Core Concepts
The proposed Hybrid Dual-Branch Network (HDBN) effectively combines Graph Convolutional Networks (GCNs) and Transformers to achieve robust and accurate skeleton-based action recognition.
Abstract
The paper presents a novel Hybrid Dual-Branch Network (HDBN) for robust skeleton-based action recognition. The key highlights are:
The HDBN consists of two trunk branches: MixGCN and MixFormer.
The MixGCN branch utilizes GCNs to separately process 2D and 3D skeleton inputs, and employs a late-fusion strategy to aggregate the classification results.
The MixFormer branch employs Transformers to model the skeleton inputs, harnessing Transformers' abstraction capability for global information.
By leveraging the complementarity between GCNs and Transformers, the proposed HDBN effectively integrates the strengths of both network structures to achieve better human action recognition.
Extensive experiments on the benchmark UAV-Human dataset demonstrate the effectiveness of the proposed HDBN, outperforming most existing action recognition methods.

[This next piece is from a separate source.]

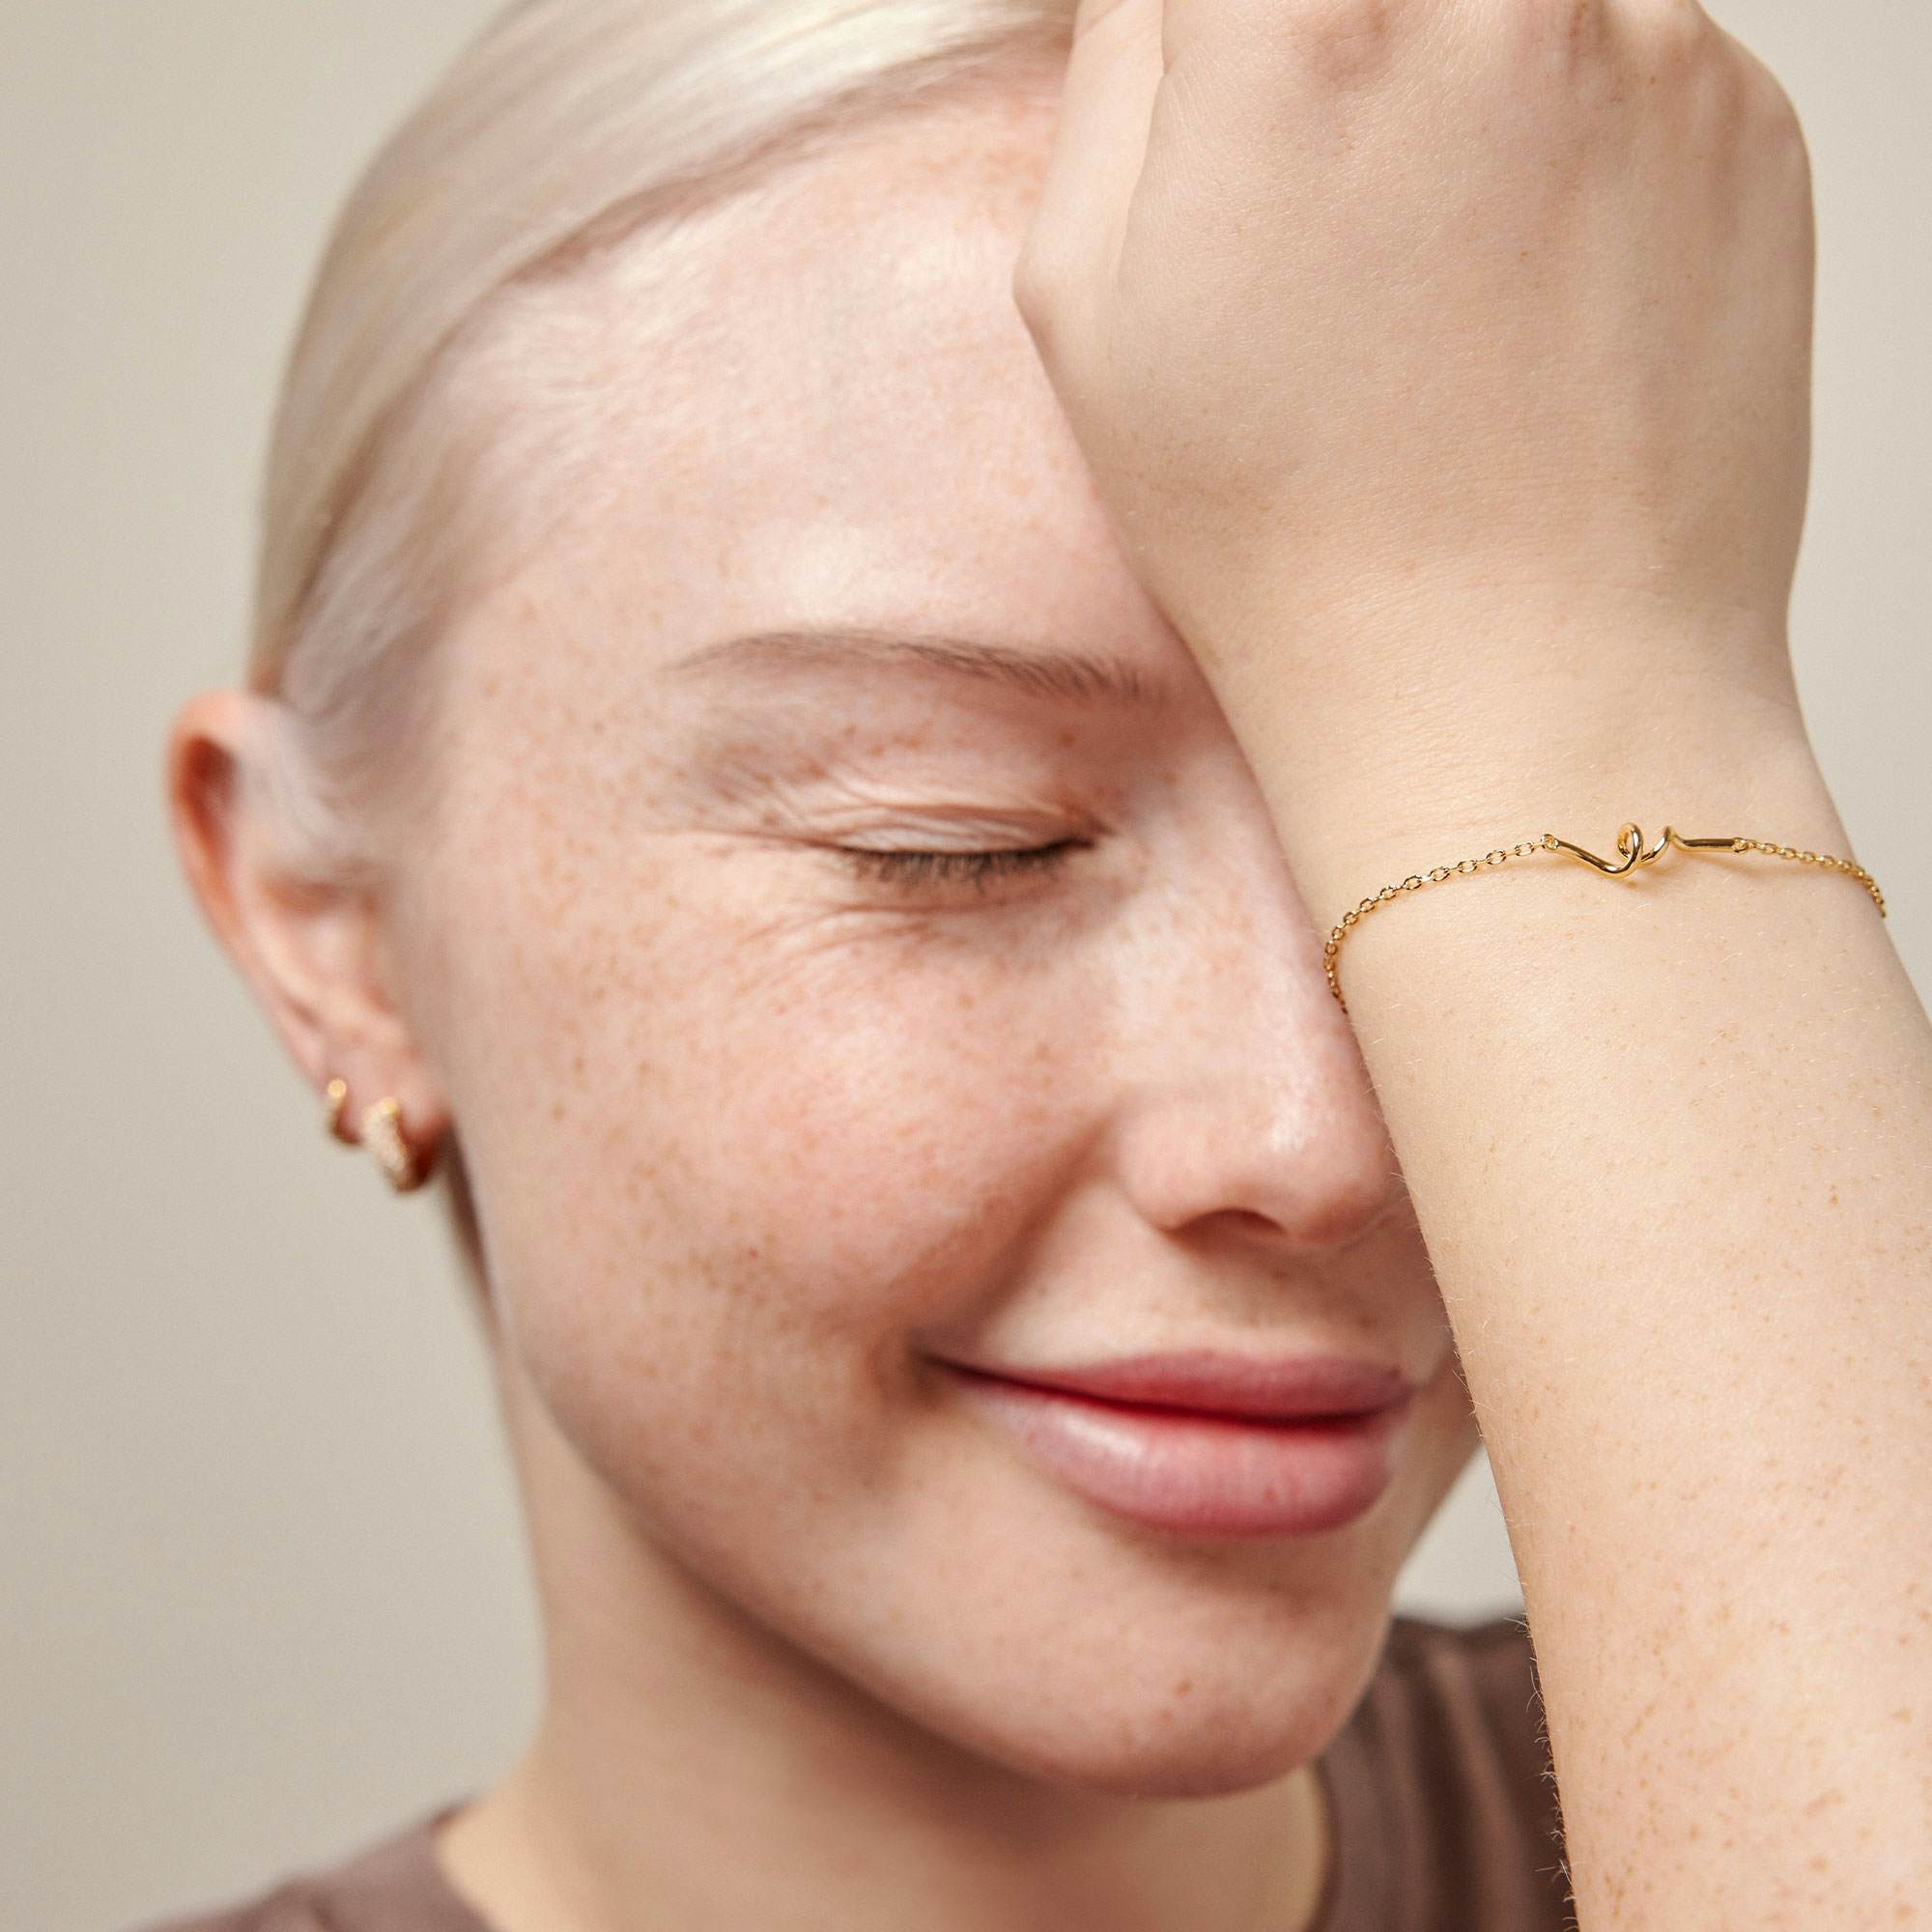 Twist gold-plated bracelet
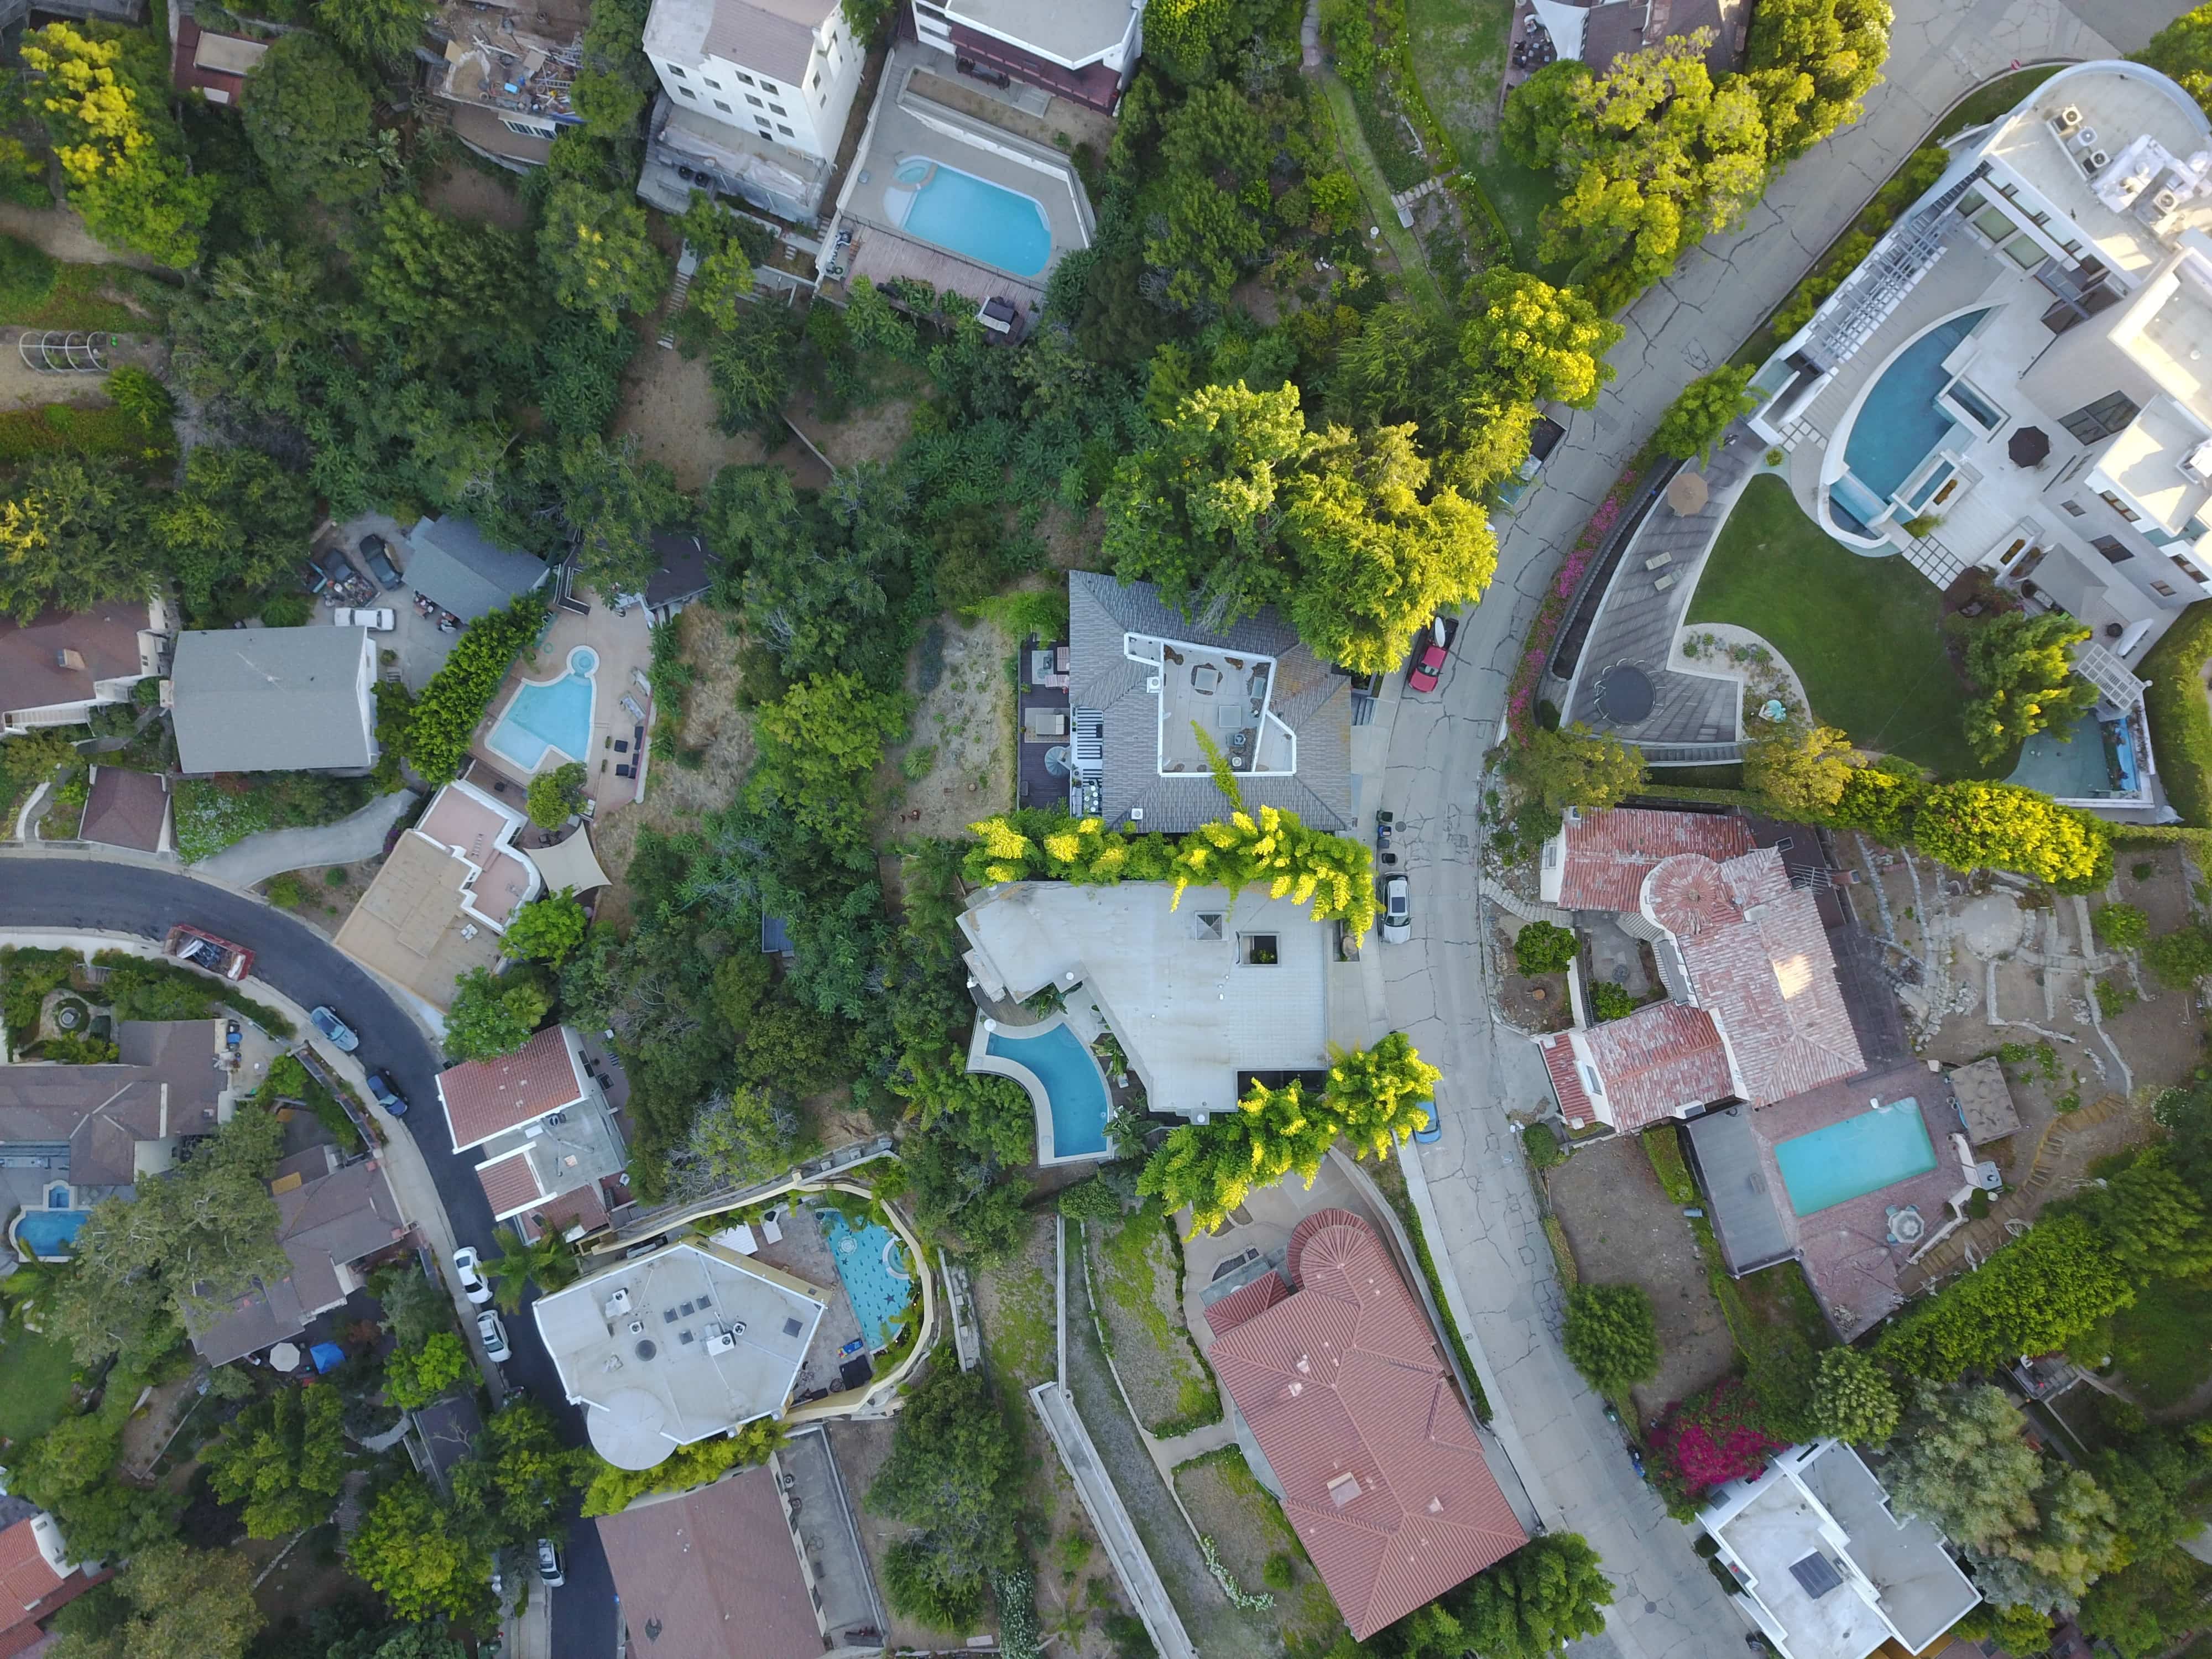 Vacancy Tax- Overhead view of suburban street

The authors conduct detailed ablation studies to analyze the performance of different skeleton modalities and network backbones within the HDBN framework.
Overall, the HDBN provides a robust and effective solution for skeleton-based action recognition by harnessing the complementary advantages of GCNs and Transformers.
Stats
The accuracy of the proposed HDBN on the UAV-Human dataset is 47.95% on the CSv1 benchmark and 75.36% on the CSv2 benchmark, outperforming most existing methods.
Quotes
"By leveraging the proposed HDBN, we effectively integrate GCNs and TransFormers to achieve better human action recognition."
"Our proposed HDBN emerged as one of the top solutions in the Multi-Modal Video Reasoning and Analyzing Competition (MMVRAC) of 2024 ICME Grand Challenge, achieving accuracies of 47.95% and 75.36% on two benchmarks of the UAV-Human dataset by outperforming most existing methods."